[[ Supplied information open ]]
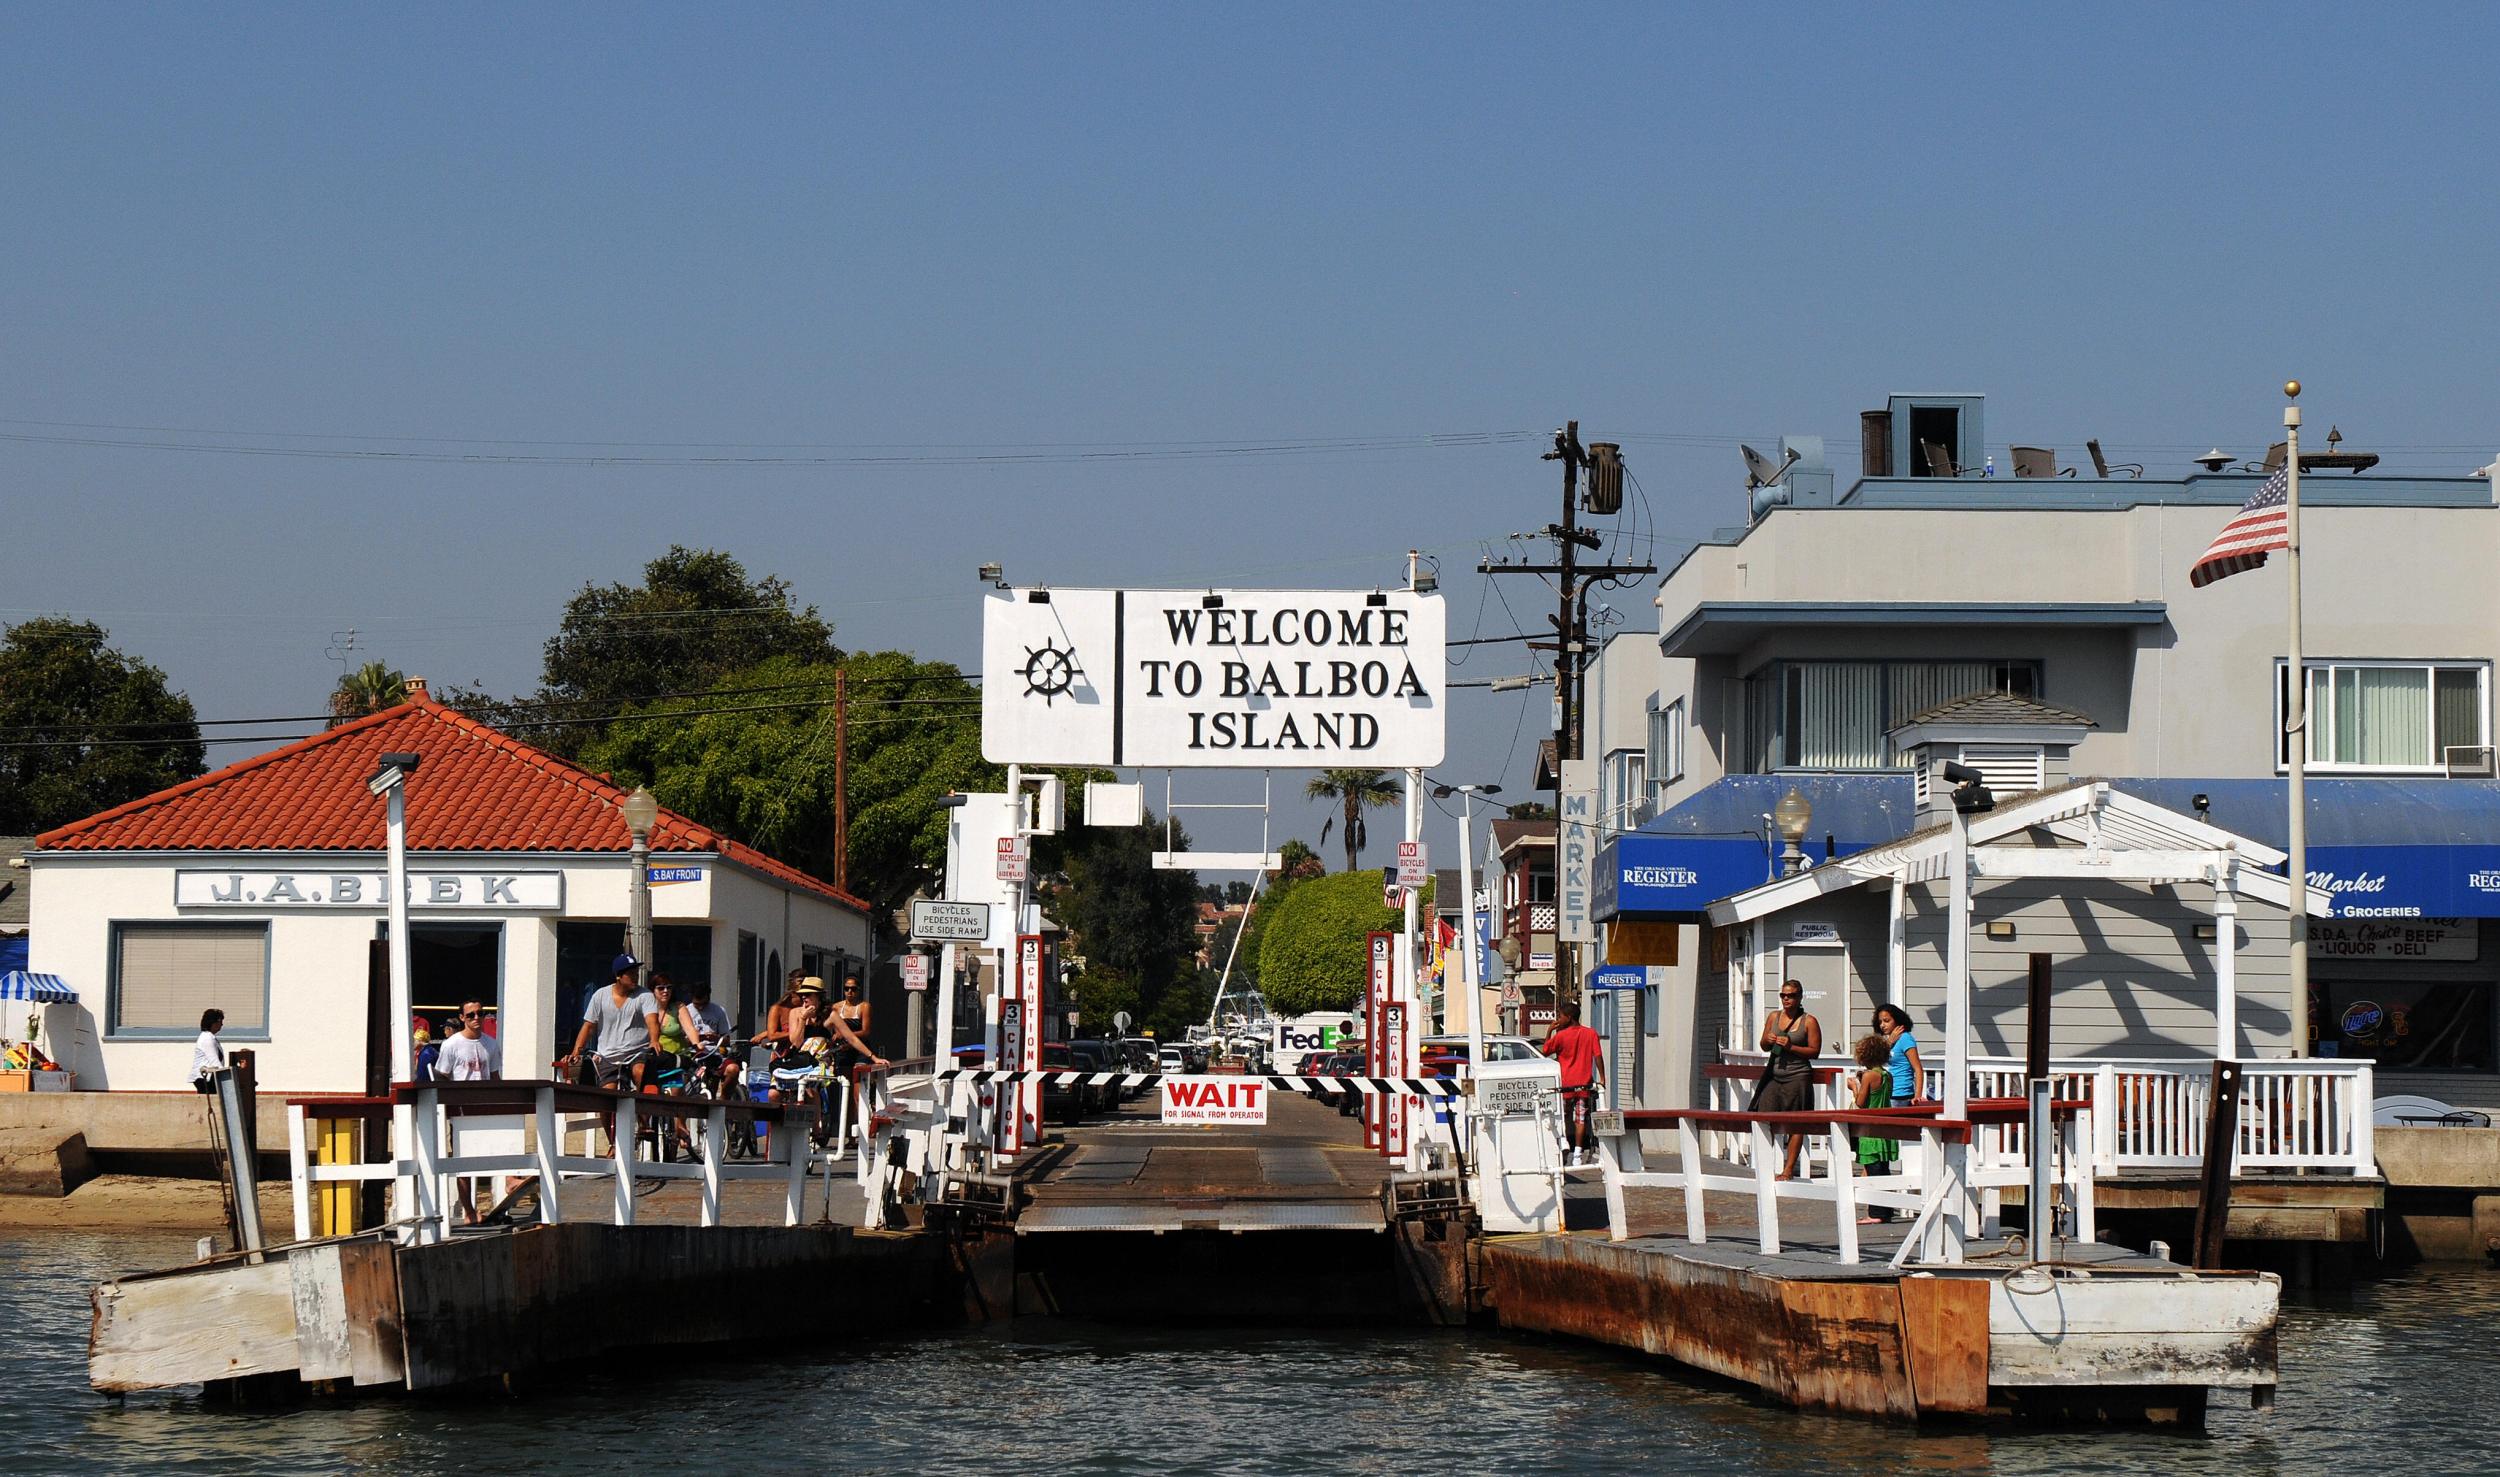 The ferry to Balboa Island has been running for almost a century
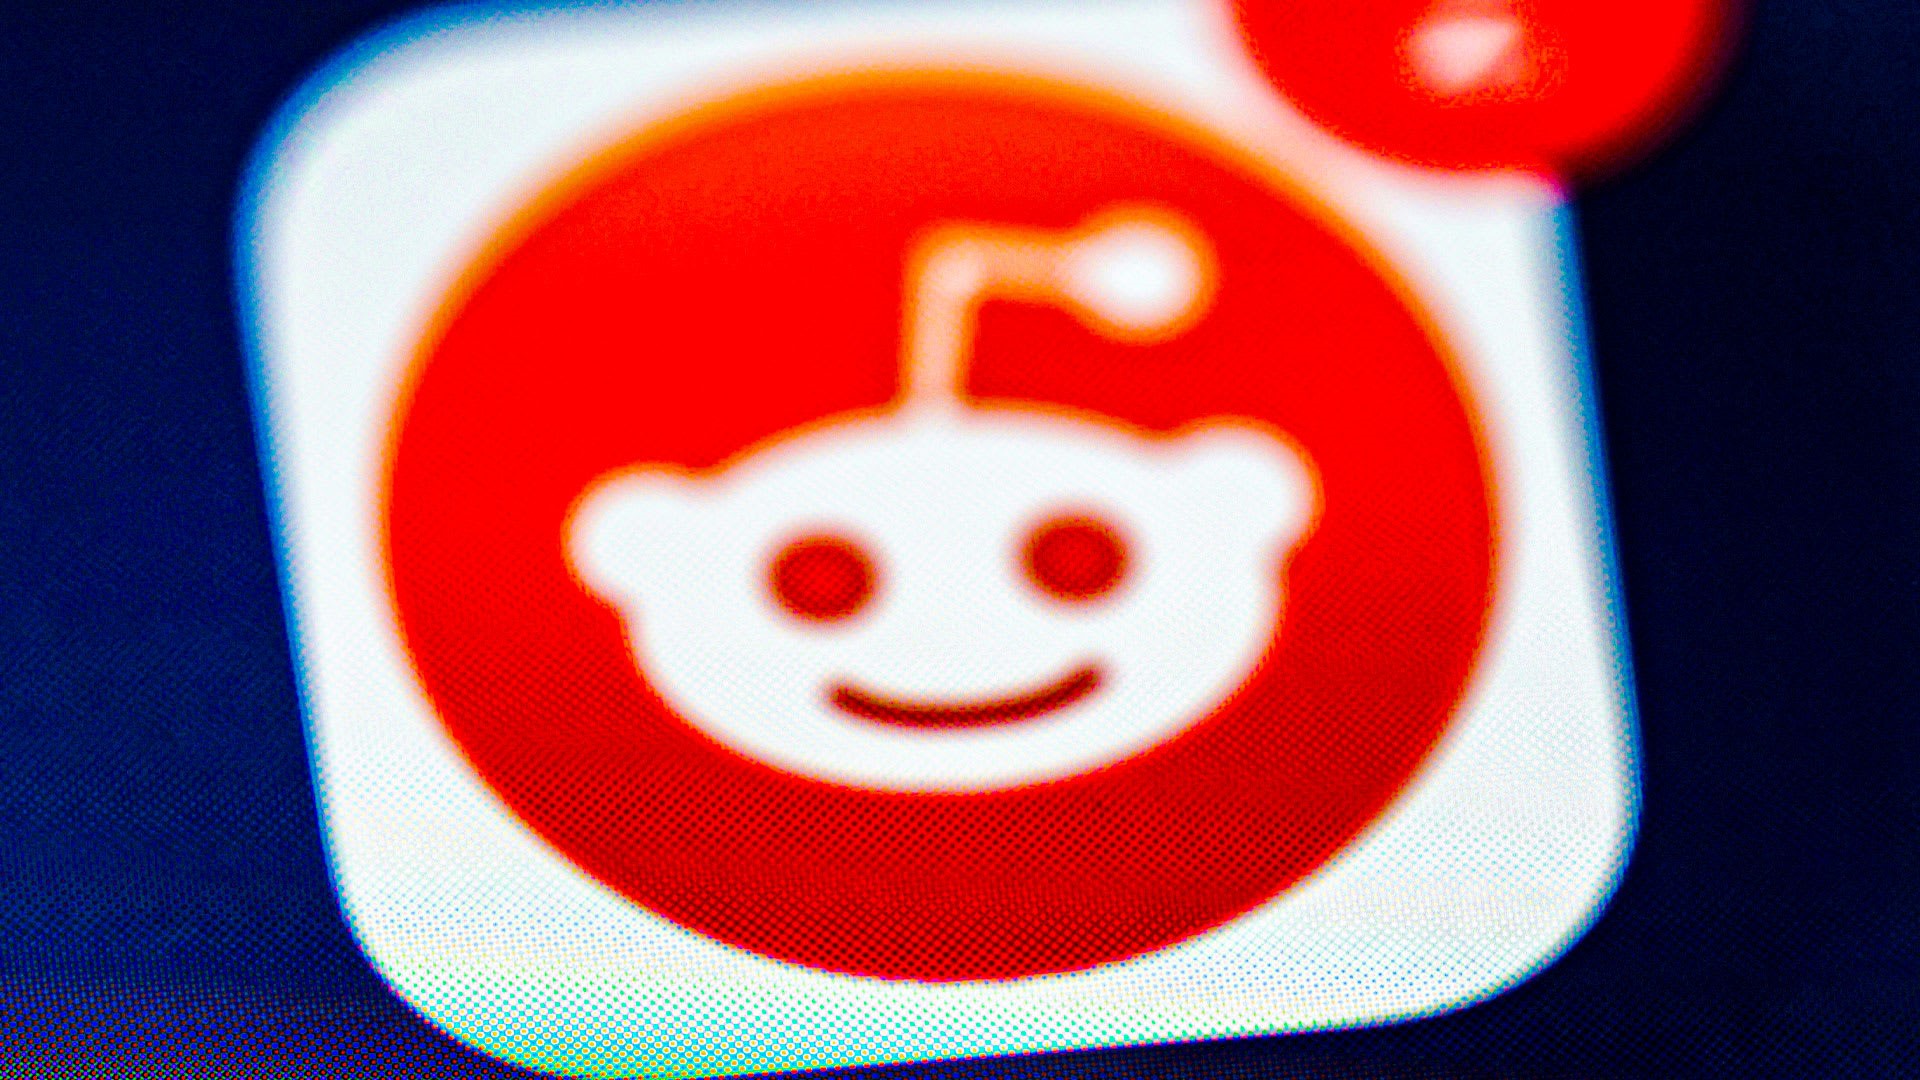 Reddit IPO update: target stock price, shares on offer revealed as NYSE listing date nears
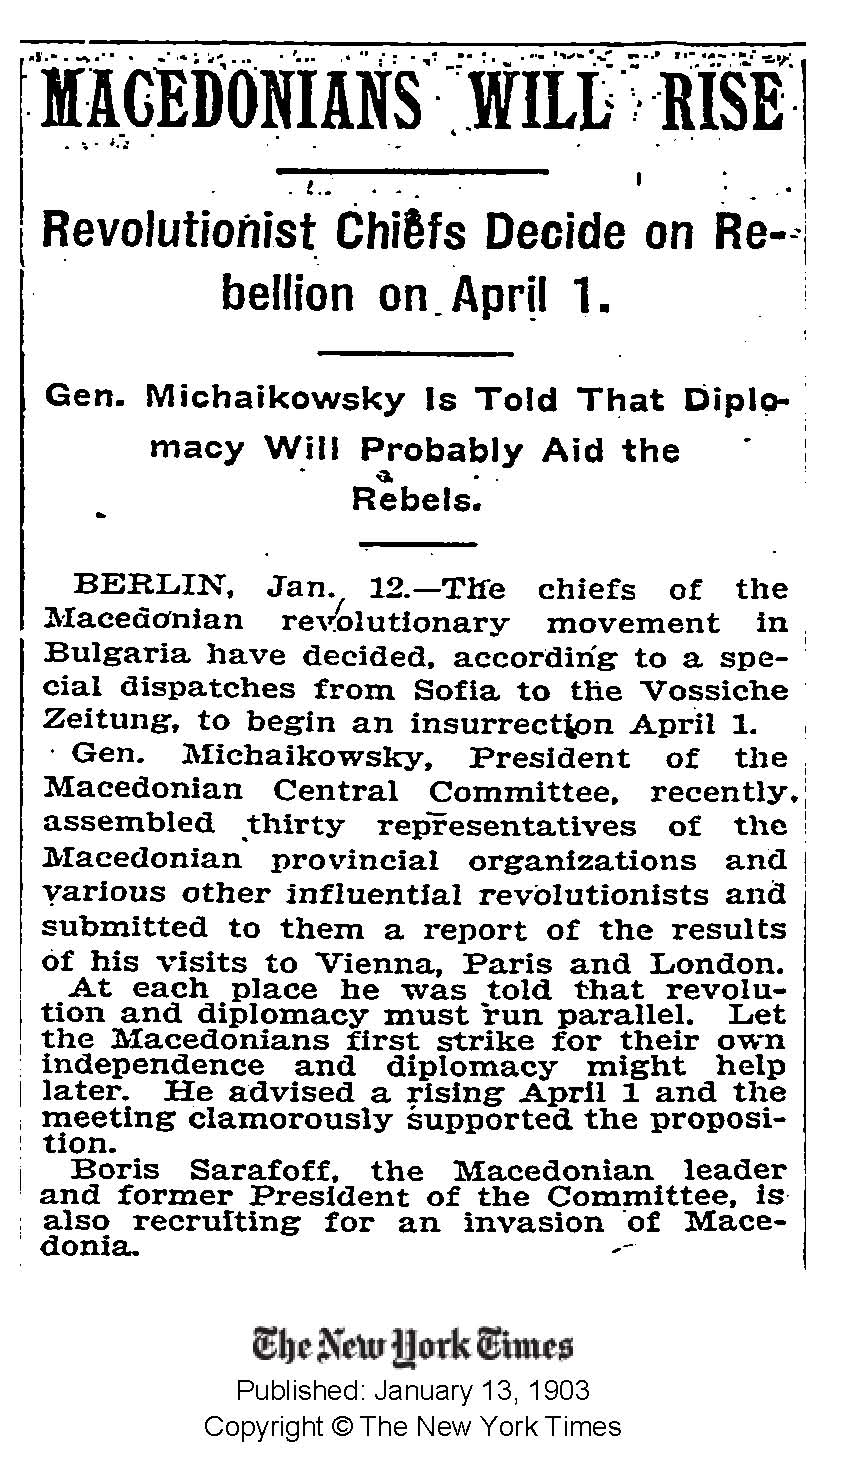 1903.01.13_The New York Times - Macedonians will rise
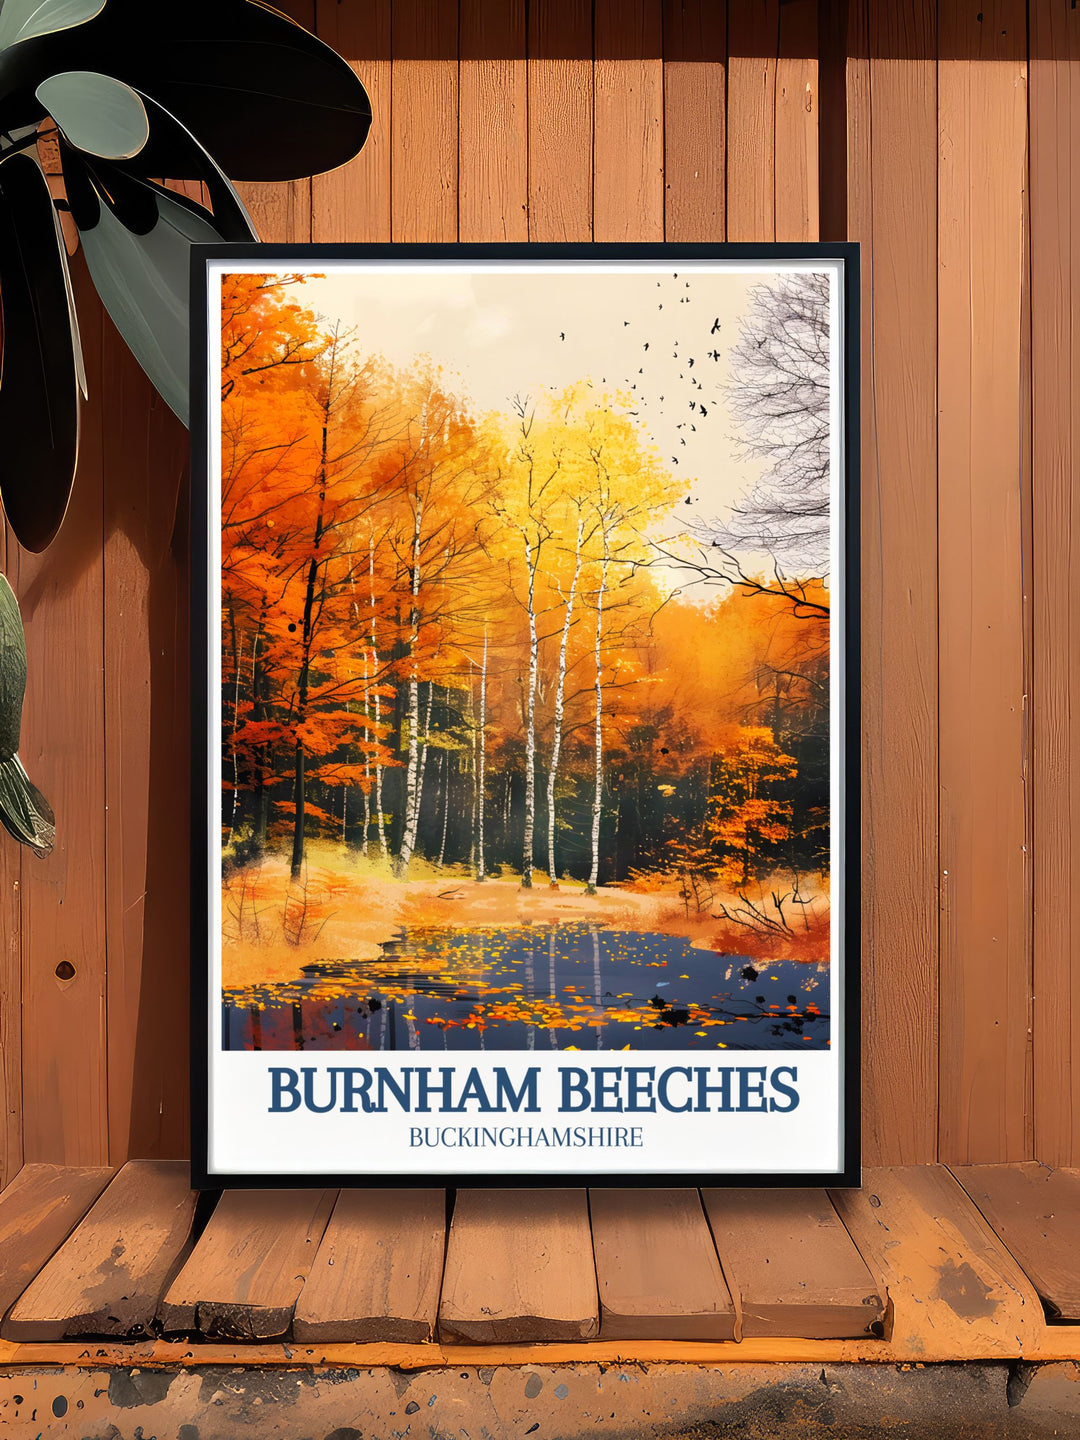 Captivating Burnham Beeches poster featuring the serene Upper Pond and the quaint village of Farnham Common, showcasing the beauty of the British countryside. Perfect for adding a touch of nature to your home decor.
[[ Supplied information closed ]]
Work instructions: Each line of the data above must be repeated exactly, images excluded.

Answer to the exercise:
 The ferry to Balboa Island has been running for almost a century
 Reddit IPO update: target stock price, shares on offer revealed as NYSE listing date nears
 1903.01.13_The New York Times - Macedonians will rise
 Captivating Burnham Beeches poster featuring the serene Upper Pond and the quaint village of Farnham Common, showcasing the beauty of the British countryside. Perfect for adding a touch of nature to your home decor.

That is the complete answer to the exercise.